Problem details ▸ Once you find the line containing "Брюки тренировочные Adidas Juventus 2019/20", set down exactly that line and every one after it through the end of the listing below, with both ends included and any pictures omitted.

Recorded information ▸
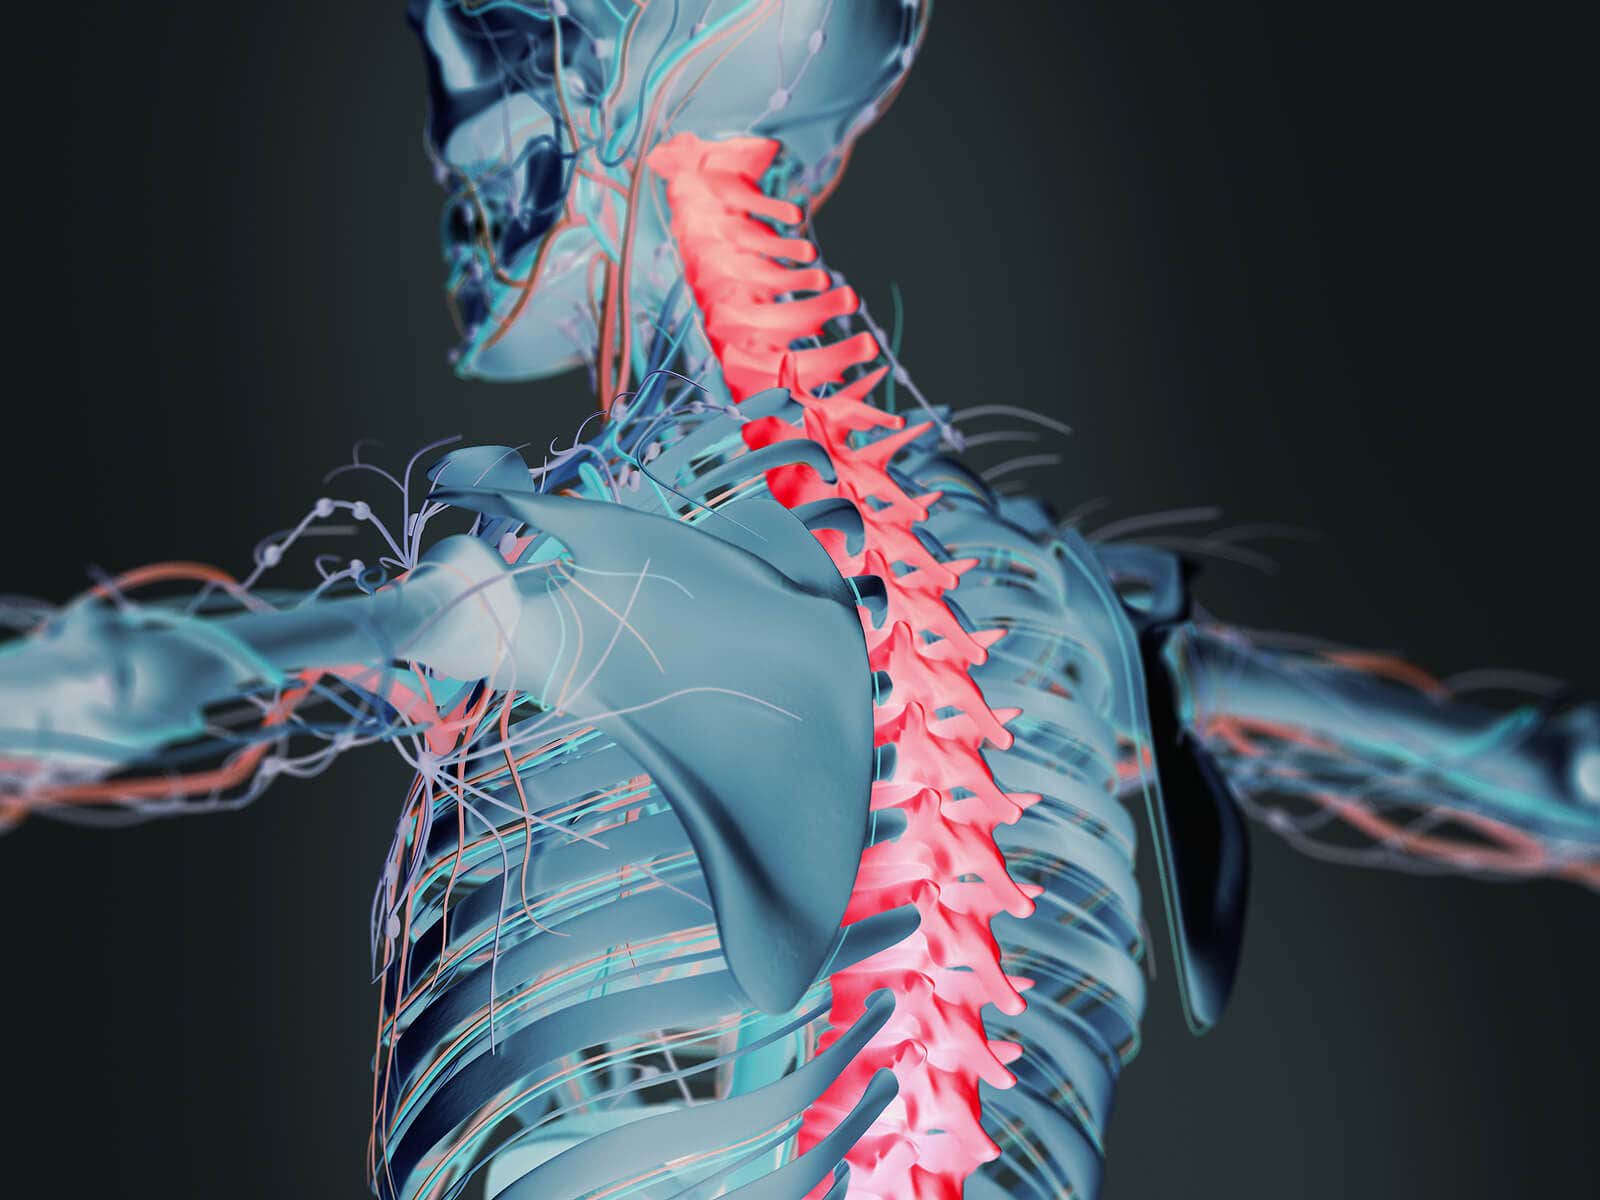 La decorticación se encuentra ligada a daños en la médula espinal.
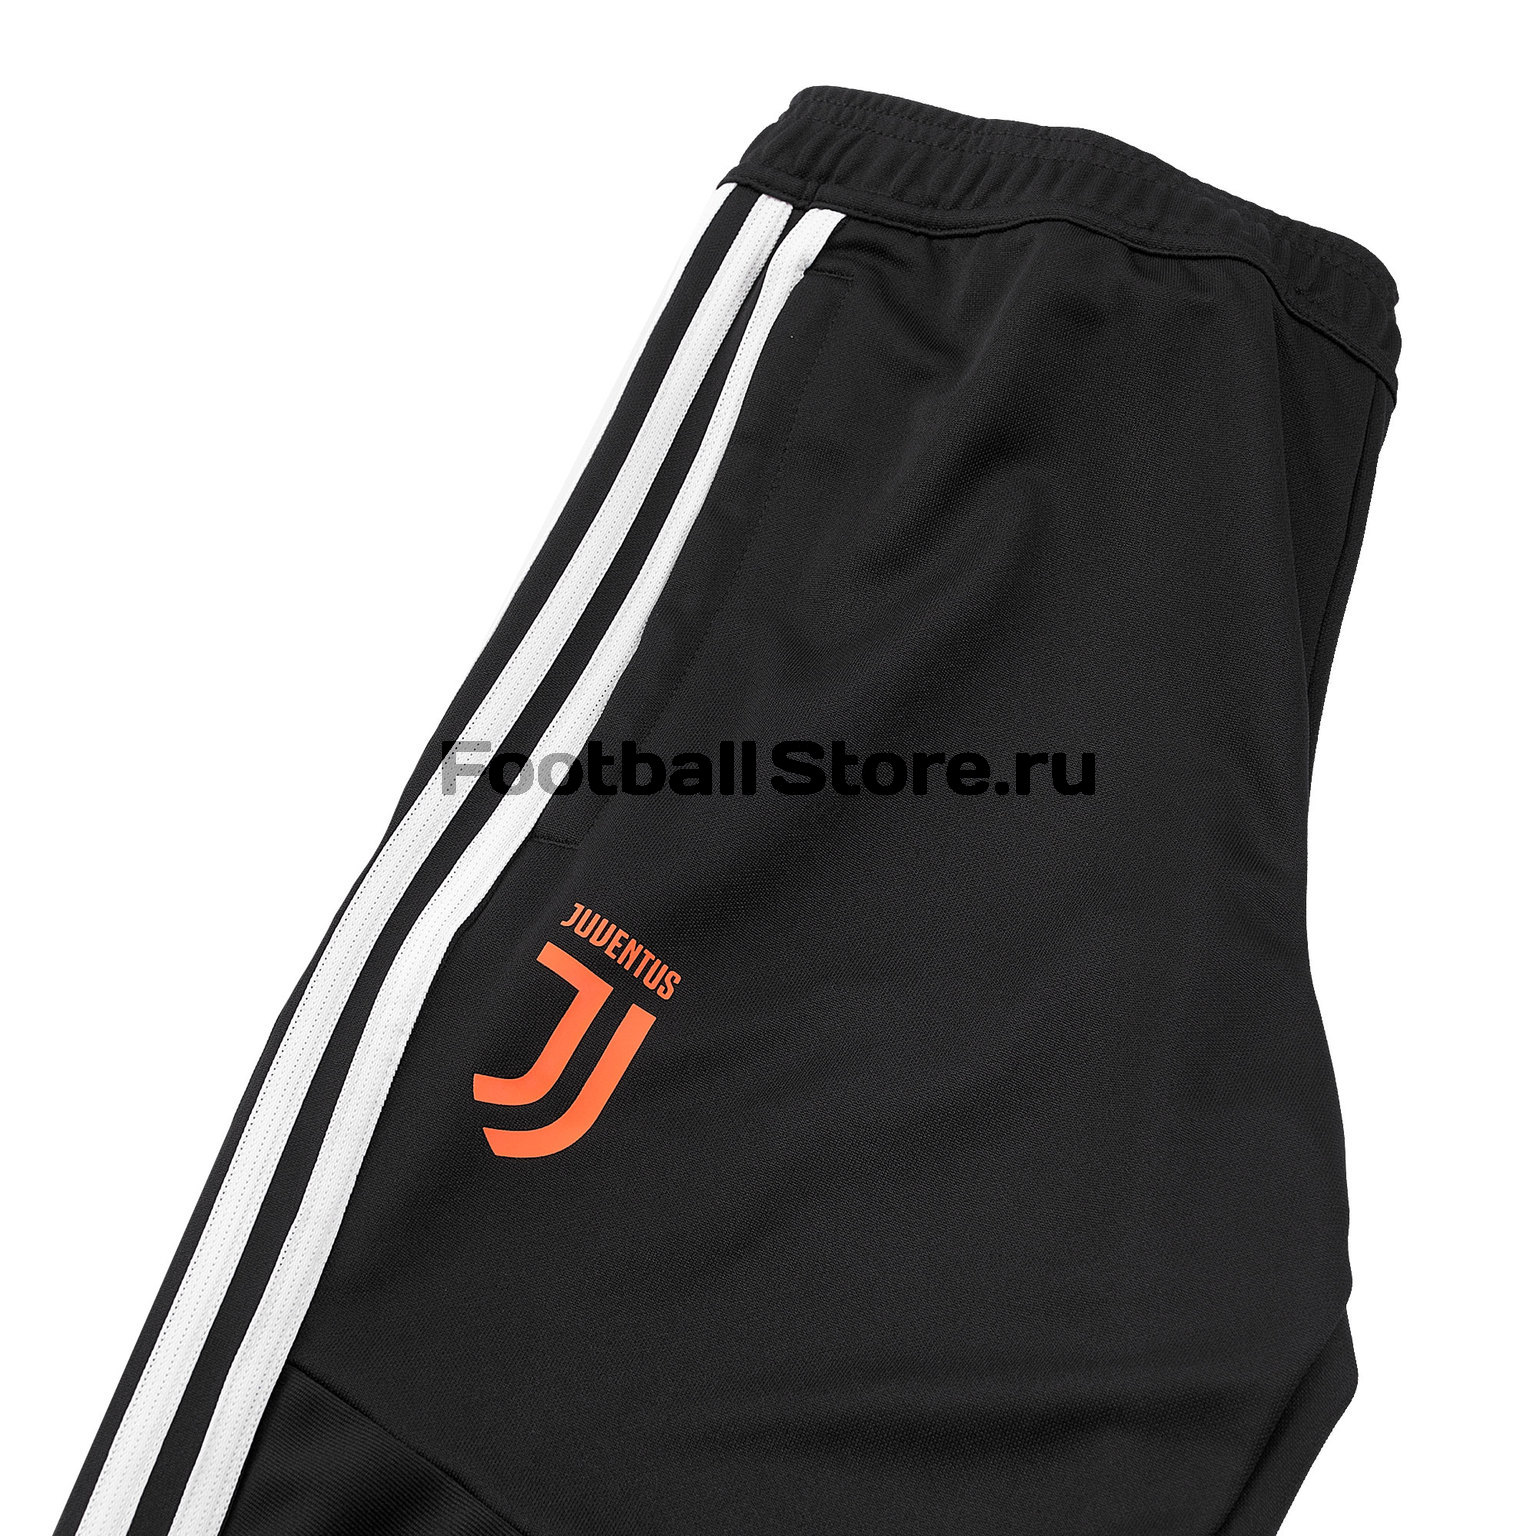 Брюки тренировочные Adidas Juventus 2019/20
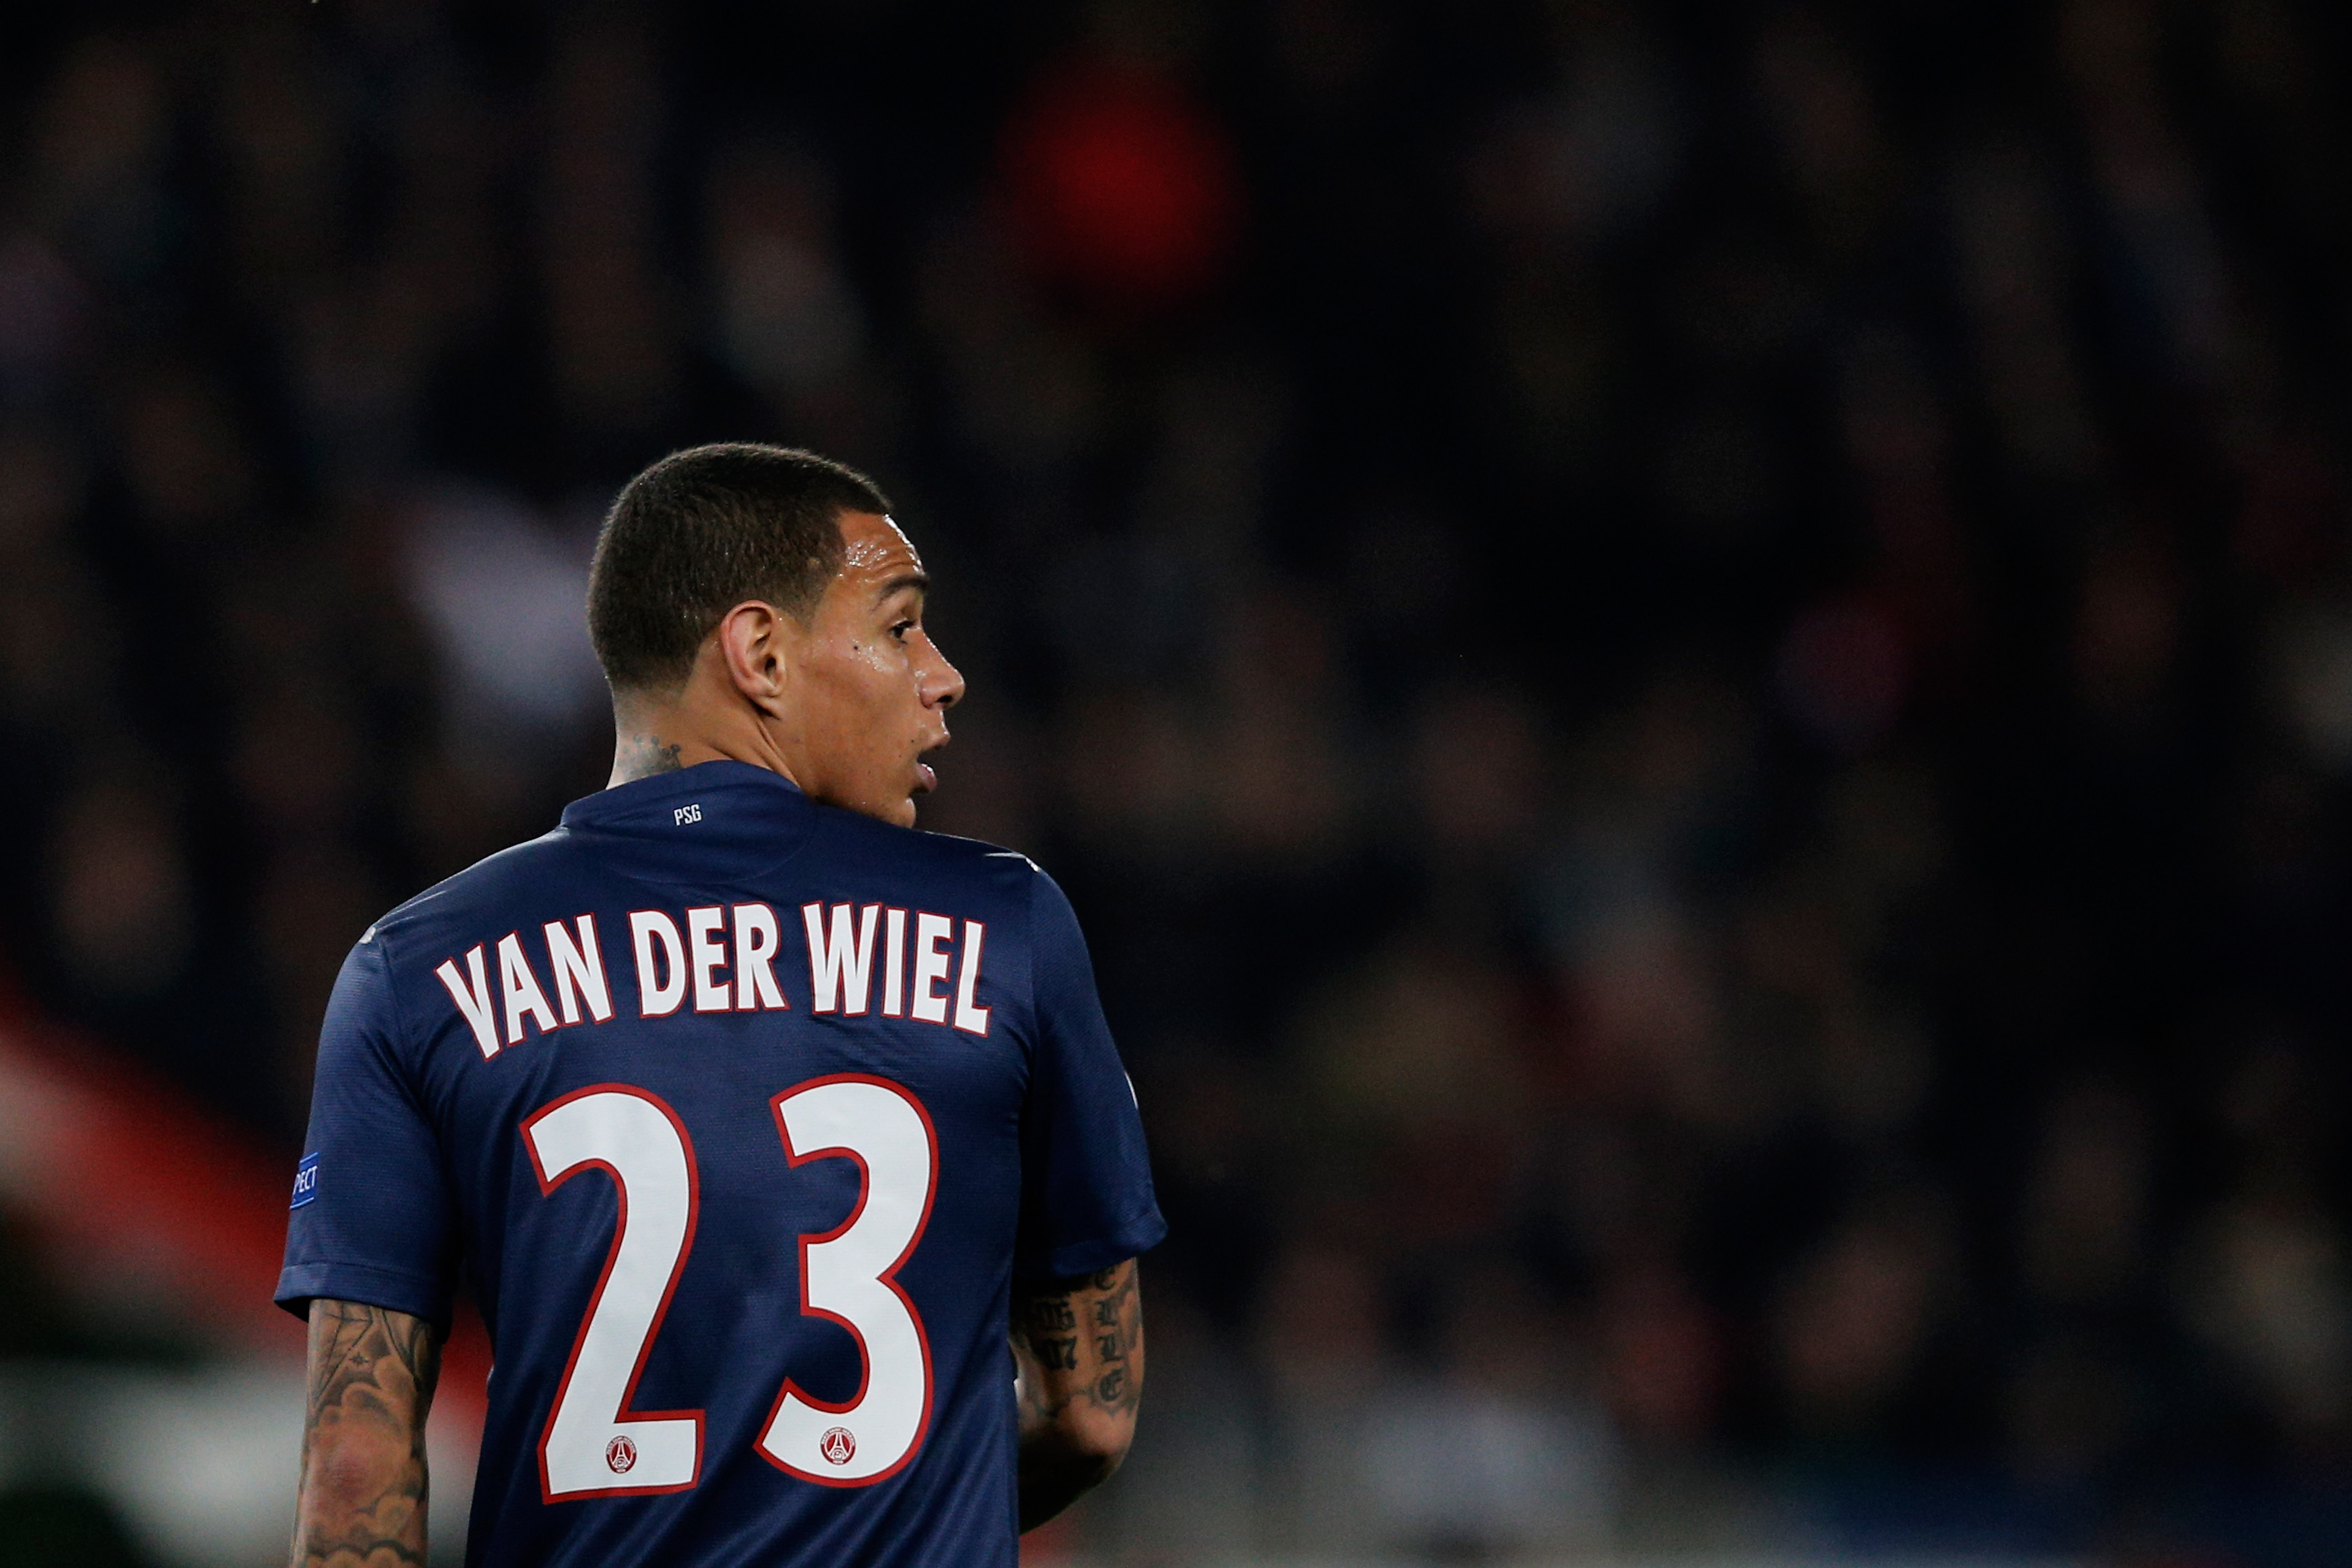 PSG complete Van der Wiel deal
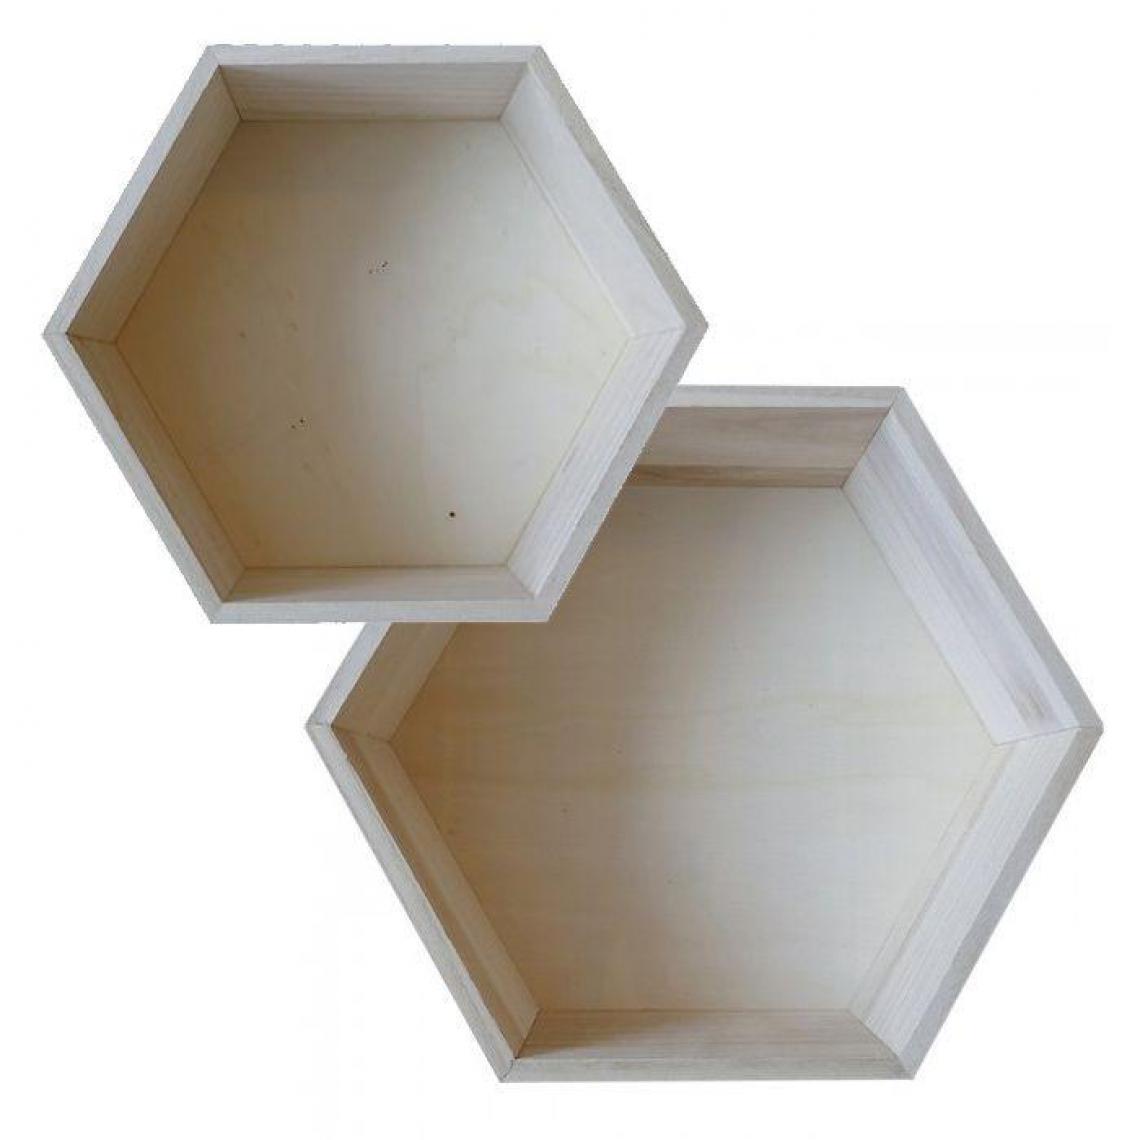 Artemio - 2 étagères hexagonales en bois - 27 x 23,5 cm et 30 x 26,5 cm - Objets déco

Written answer ▸
 Брюки тренировочные Adidas Juventus 2019/20
 PSG complete Van der Wiel deal
 Artemio - 2 étagères hexagonales en bois - 27 x 23,5 cm et 30 x 26,5 cm - Objets déco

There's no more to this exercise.